Every project at AptixLabs lives in GitHub with branch-protection rules and required CI checks. The studio prefers small, frequent deploys over big releases — it ships multiple times a day on active projects.
What CI runs
- TypeScript type-checking with strict mode
- ESLint with the project's ruleset
- Vitest unit tests for the logic layer
- A production build to catch any runtime config mistakes
- Firestore security-rule tests via the official Firebase emulator
Web deploys
Marketing sites and the coach portal deploy to Firebase Hosting through a GitHub Actions workflow that promotes the build only after CI passes on the main branch. Preview channels spin up for every PR — a partner can see a working build before merge.
Mobile deploys
The mobile apps deploy through Fastlane and EAS Build to App Store Connect and Google Play. There's a manual gate before release-to-production but automatic uploads to TestFlight and internal-testing tracks. The same commit can ship to web in five minutes and mobile within an hour after store review.
Secrets
Secrets live in Google Secret Manager and are fetched at runtime — never baked into the build. CI uses workload-identity federation rather than long-lived service-account keys.

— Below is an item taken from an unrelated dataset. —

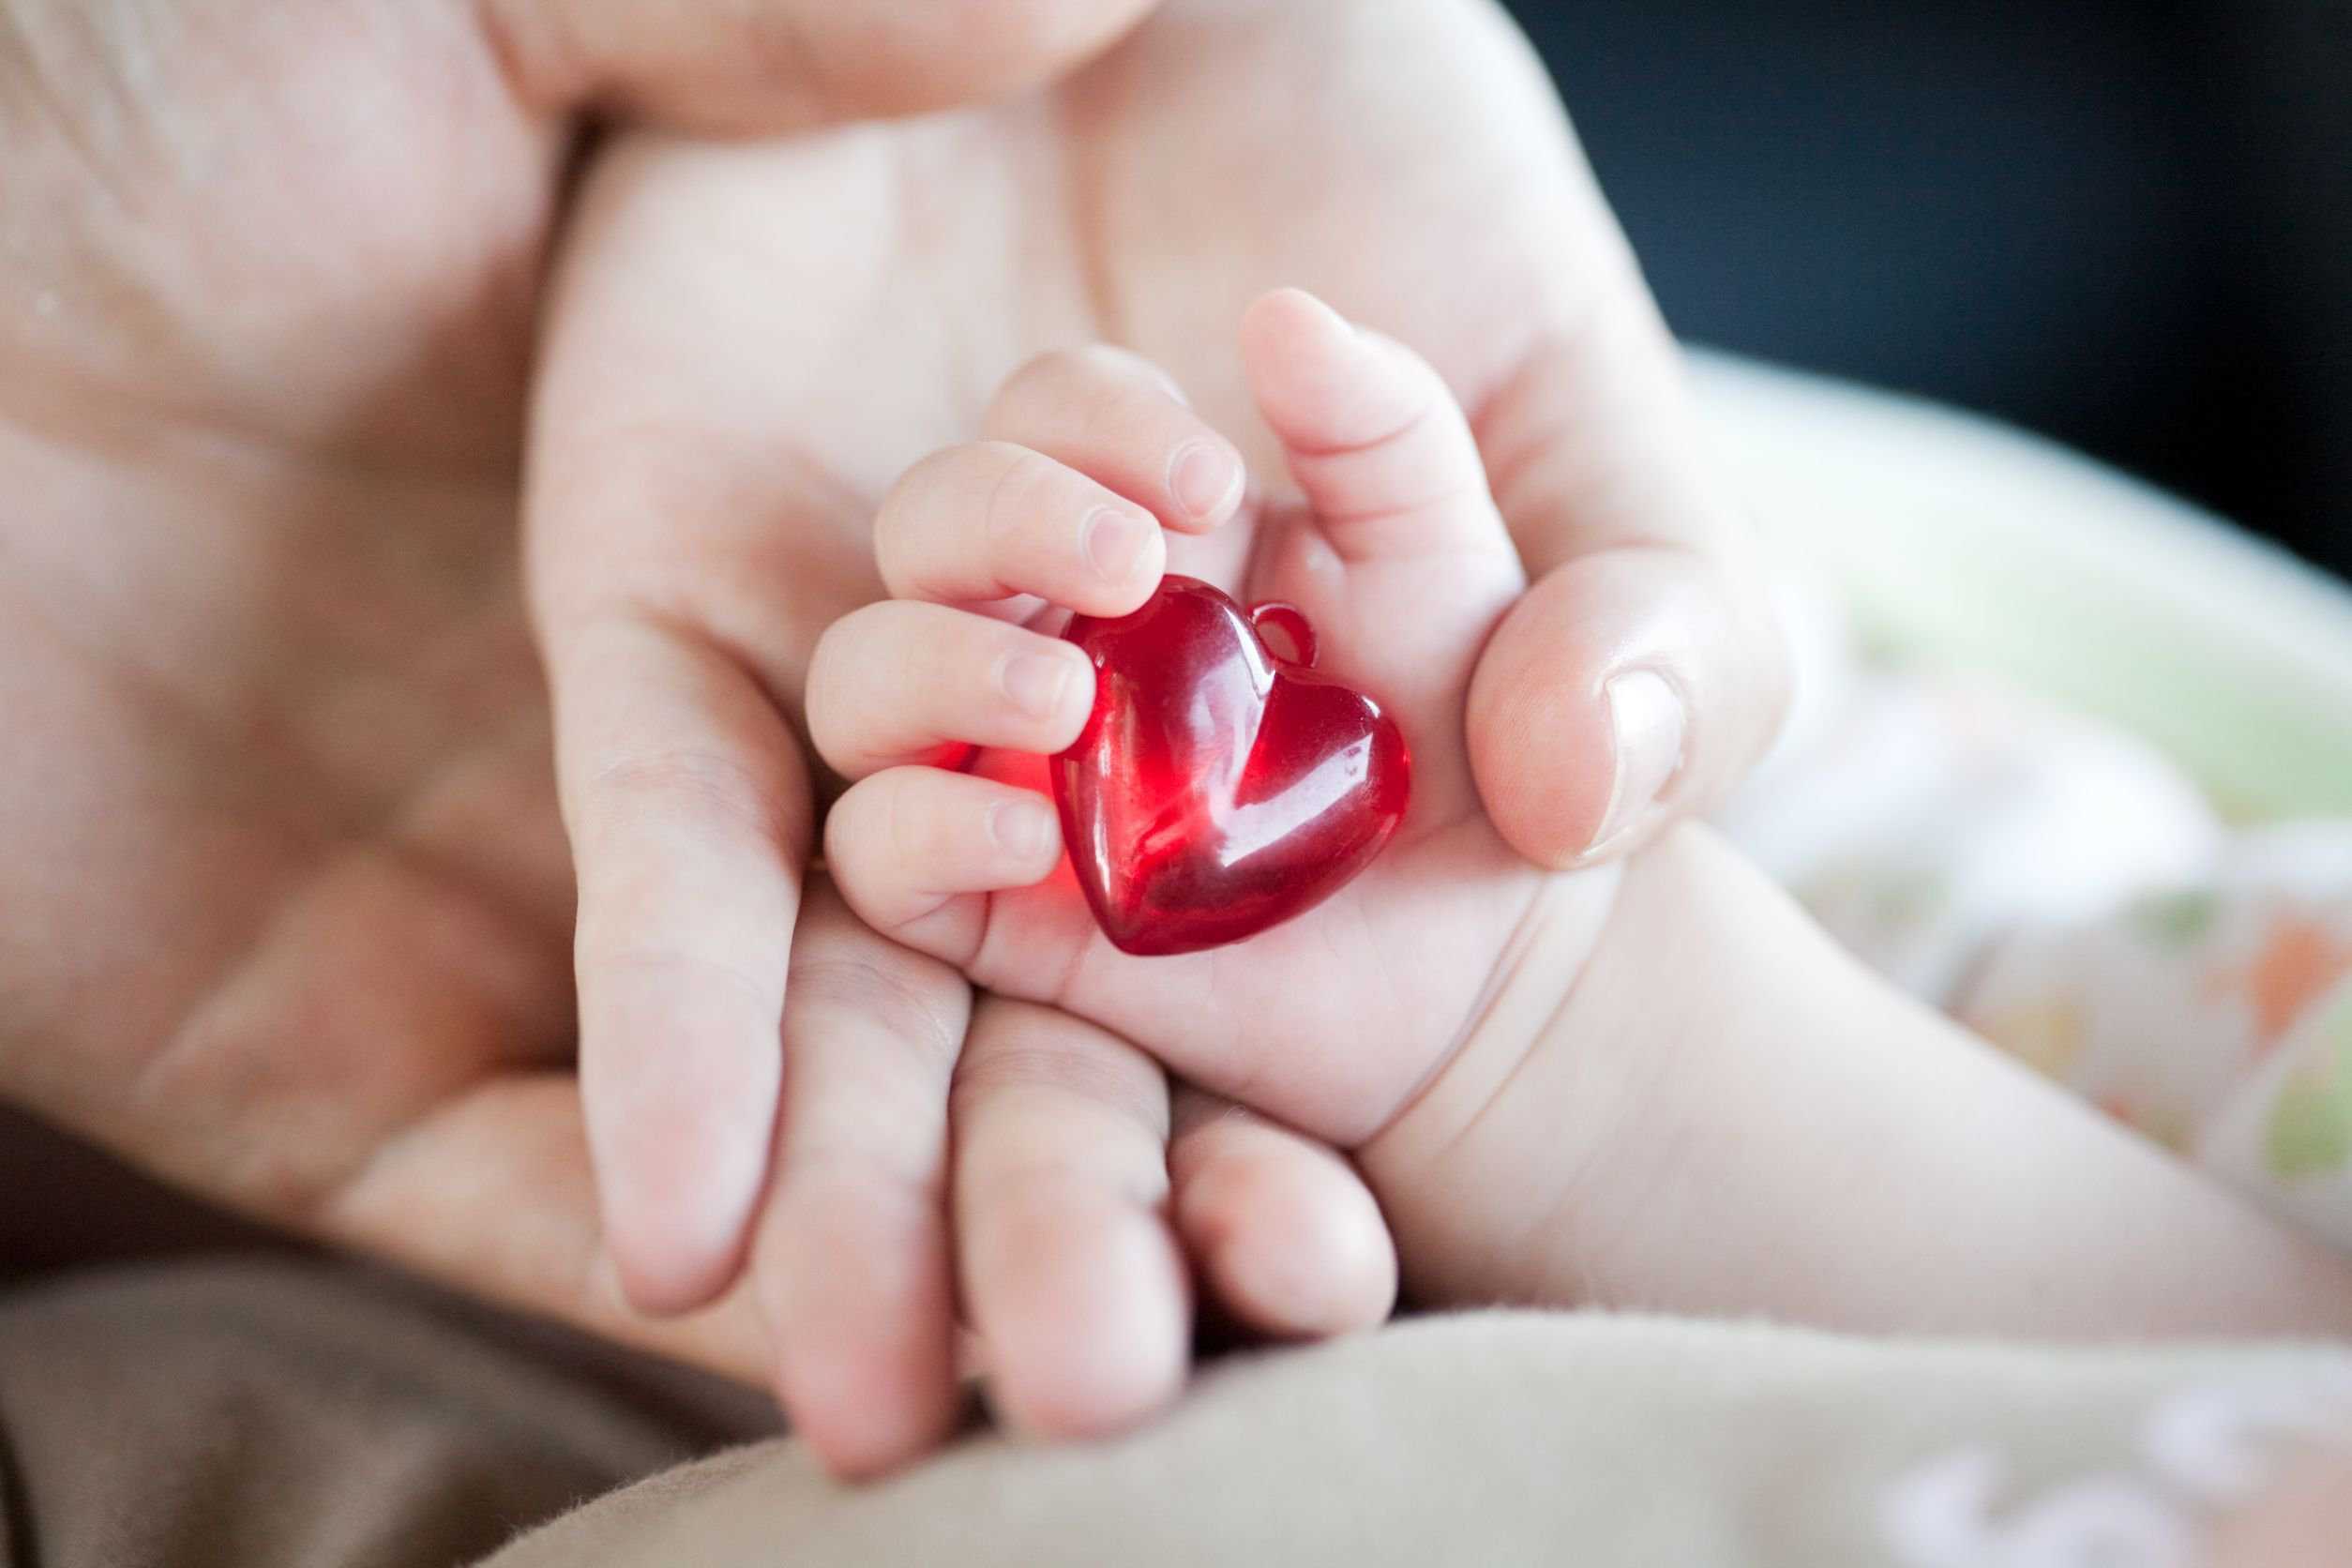 Congenital Heart Defects in Children
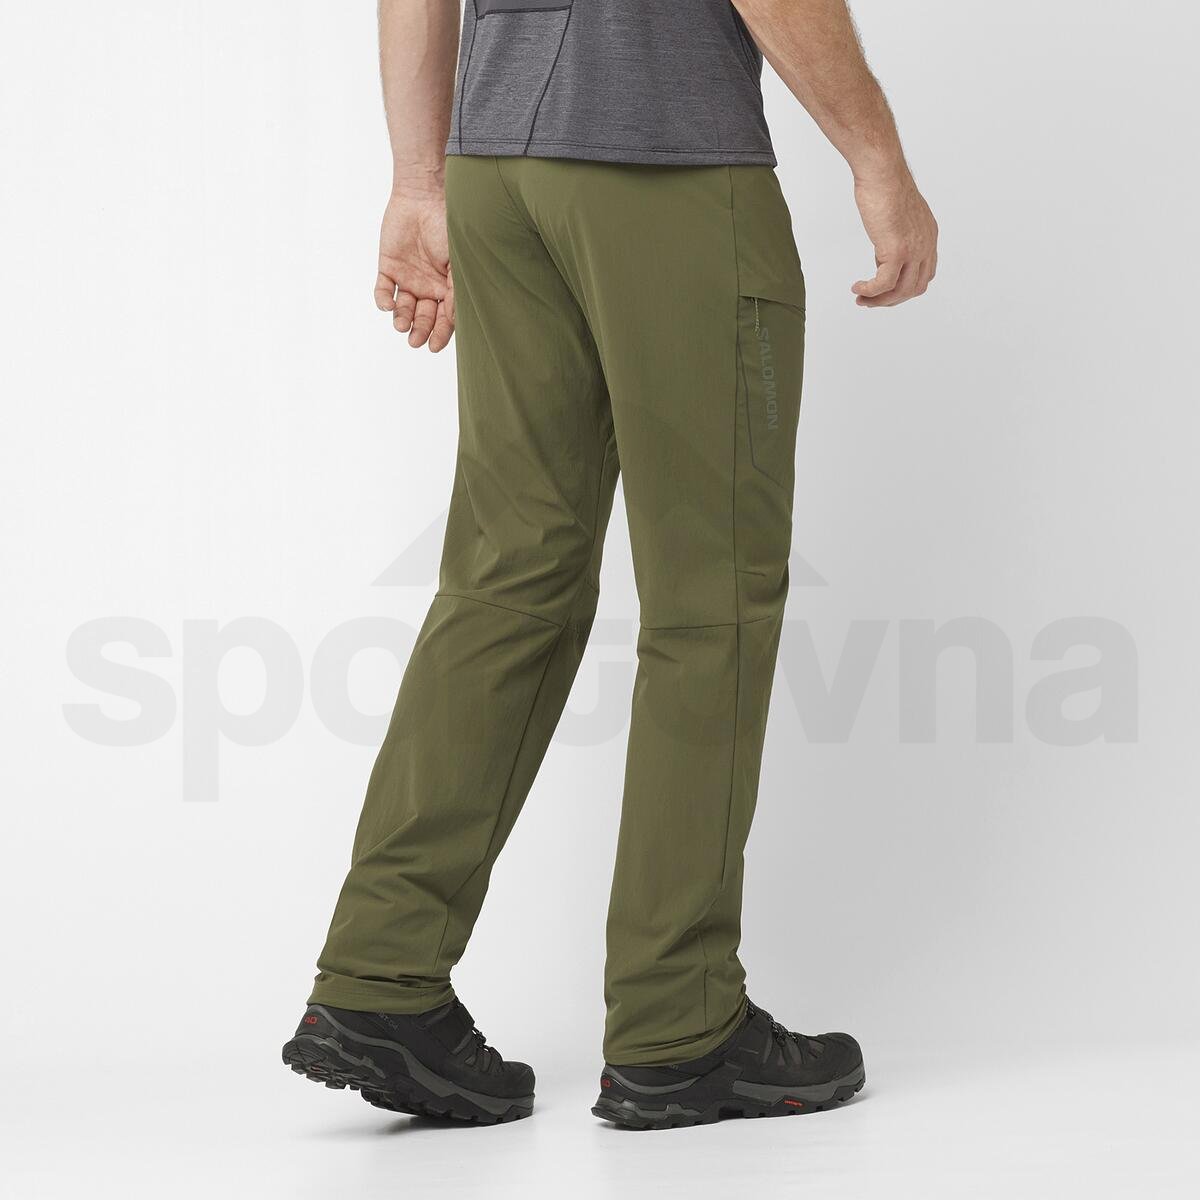 Kalhoty Salomon Wayfarer Pants M - zelená (standardní délka)

Why small deploys are a safety feature
A big release is a big blast radius. When twenty changes ship together and something breaks, you are bisecting twenty suspects under pressure. When one change ships at a time, the suspect is obvious and the rollback is trivial. Shipping multiple times a day is not recklessness — it is the opposite. Small, frequent, reversible changes are how you move fast without the fear, and the CI gate is what makes each one safe to send.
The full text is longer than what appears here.